# [Data supplied]
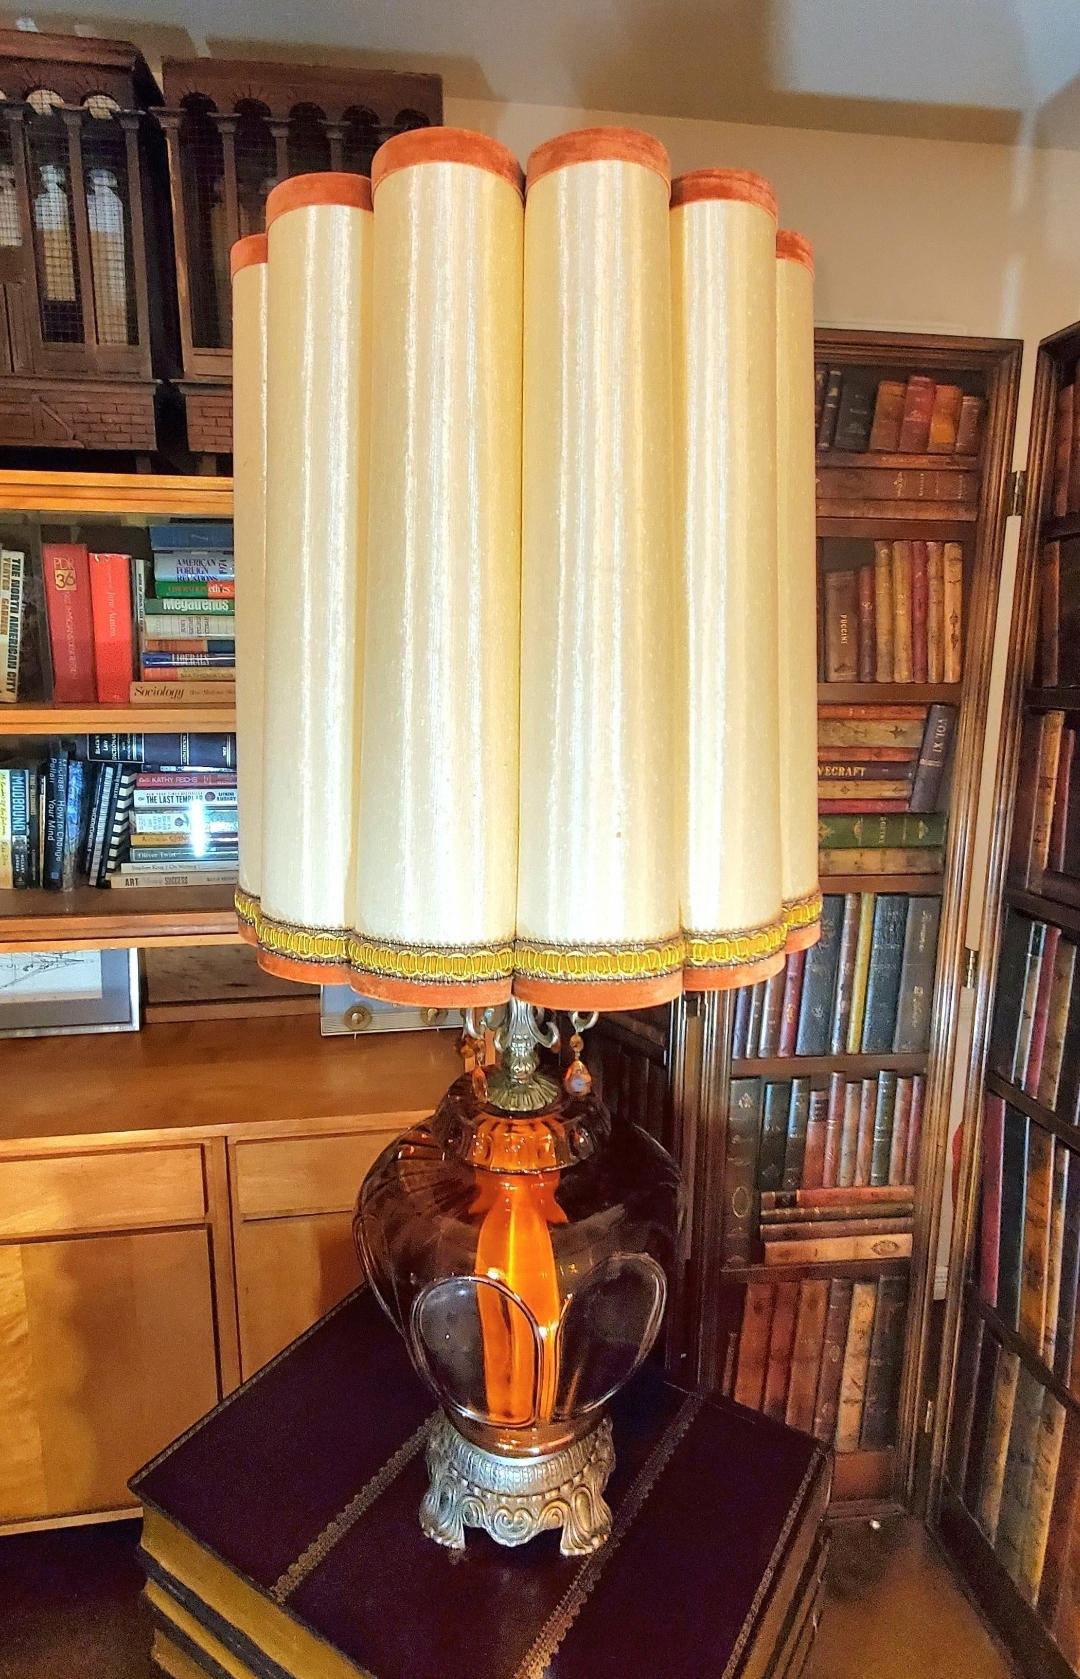 Monumental.
Lampe de table massive en verre ambré Hollywood Regency.
Lumière séparée à l'intérieur du verre ambré.
Magnifique abat-jour en forme de tambour cannelé.
Fonctionnalité parfaite.
Art déco.
Modernité du milieu du siècle.
35
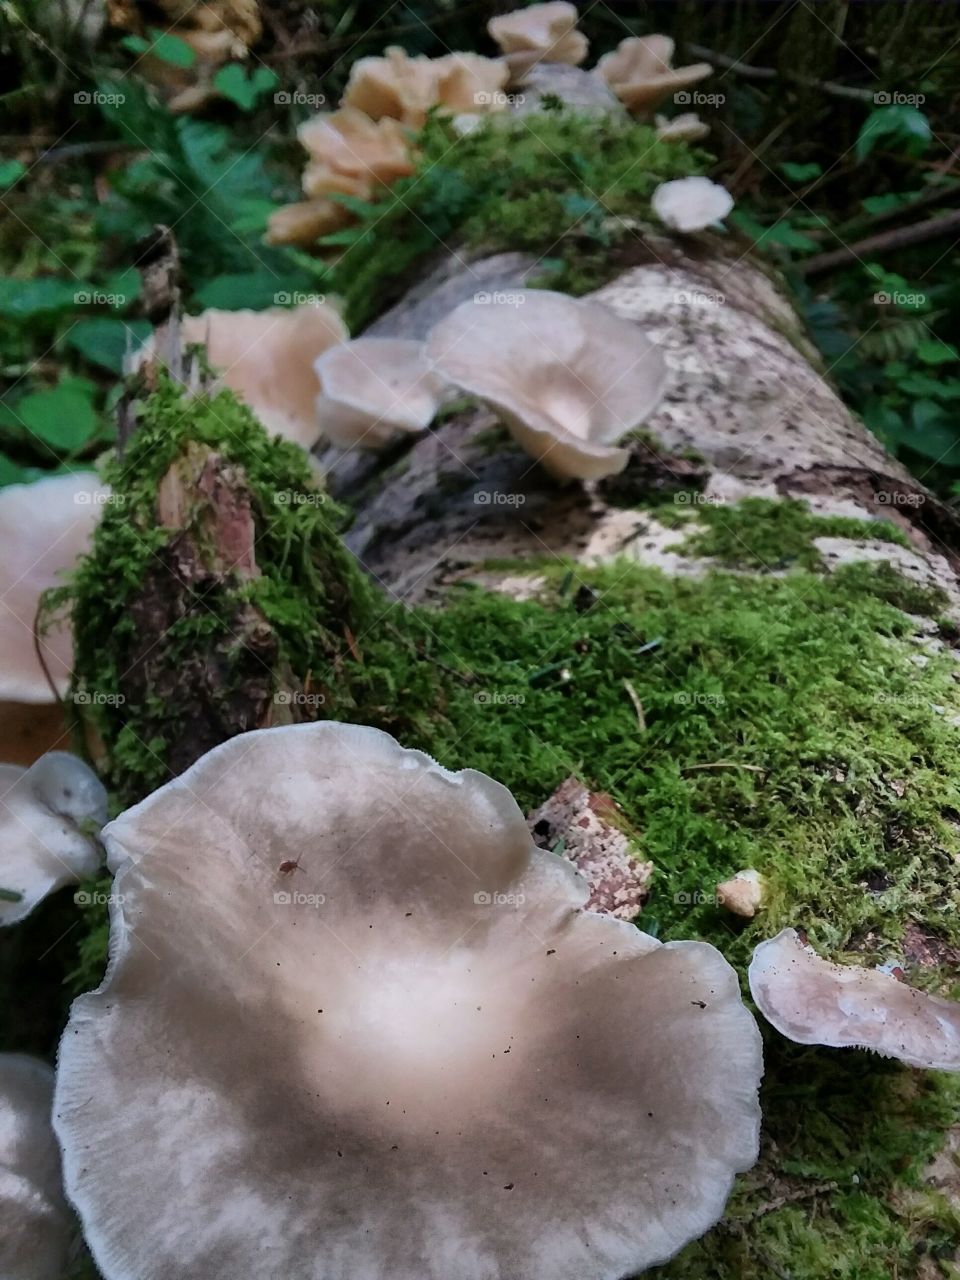 More Tree Fungi

# [Your instructions]
Which lines run from the one containing "Magnifique abat-jour en" to the end of the entries above? Write them out exactly, leaving out every picture.

# [Response area]
Magnifique abat-jour en forme de tambour cannelé.
Fonctionnalité parfaite.
Art déco.
Modernité du milieu du siècle.
35
 More Tree Fungi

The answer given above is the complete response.